# Onkyo Receivers



## Dave (Jan 29, 2003)

For all of you out there that have heard of Onkyo products. In a few weeks (Walmart) is going to start selling some of them ON LINE ONLY.


----------



## PokerJoker (Apr 12, 2008)

So what? I can get most any Onkyo product I want from a number of online sources (NewEgg, Amazon, and a jillion others) right now. Been that way for years.

Keith


----------



## dpeters11 (May 30, 2007)

And knowing Walmart, they'll have cheap Walmart only versions. With stupid features like video only HDMI. I hate receivers like that, they should be banned.


----------



## Cholly (Mar 22, 2004)

dpeters11 said:


> And knowing Walmart, they'll have cheap Walmart only versions. With stupid features like video only HDMI. I hate receivers like that, they should be banned.


I think you're jumping to conclusions a little too soon. Walmart has started to take notice of the fact that people have shrugged off their economy versions of electronics and is now carrying mid-line products (but not high end). Having a former Target exec, they're watching Target very closely, not wanting to lose sales. Wait and see what they carry, then form an opinion.


----------



## dpeters11 (May 30, 2007)

Cholly said:


> I think you're jumping to conclusions a little too soon. Walmart has started to take notice of the fact that people have shrugged off their economy versions of electronics and is now carrying mid-line products (but not high end). Having a former Target exec, they're watching Target very closely, not wanting to lose sales. Wait and see what they carry, then form an opinion.
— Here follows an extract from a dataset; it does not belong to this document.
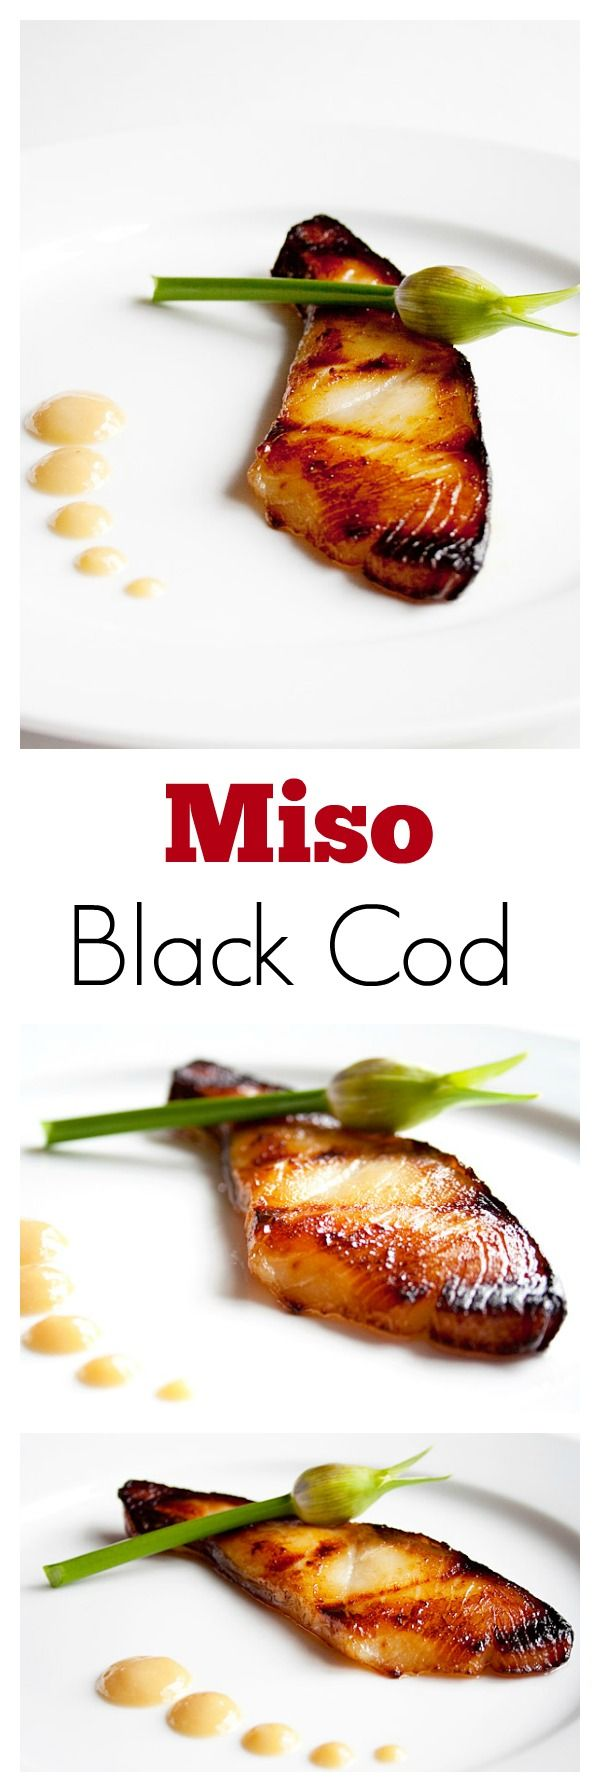 Mother's Day idea - Nobu Matsuhisa's Miso Cod – delicious, moist, and tender cod fish marinated with Japanese miso. | rasamalaysia.com

Maybe, I've just gotten people asking me for my thoughts on this computer or that computer, and they have WM in the model number and limited functionality.


----------



## Cholly (Mar 22, 2004)

dpeters11 said:


> Maybe, I've just gotten people asking me for my thoughts on this computer or that computer, and they have WM in the model number and limited functionality.


Over the years, I've picked up a few computers that are Walmart specific (an HP laptop I got on clearance and an EMachines system for my grandkids. I've done upgrades to both - larger hard drives and increased RAM for both, and a graphics card for the grandkids' machine. They aren't anything special, but then, they are as good as the low end computers you find at Best Buy.

As to TV's, they are now carrying several of the big name brands, including Samsung, Sony and LG. Model numbers aren't identical to those sold at BB.


----------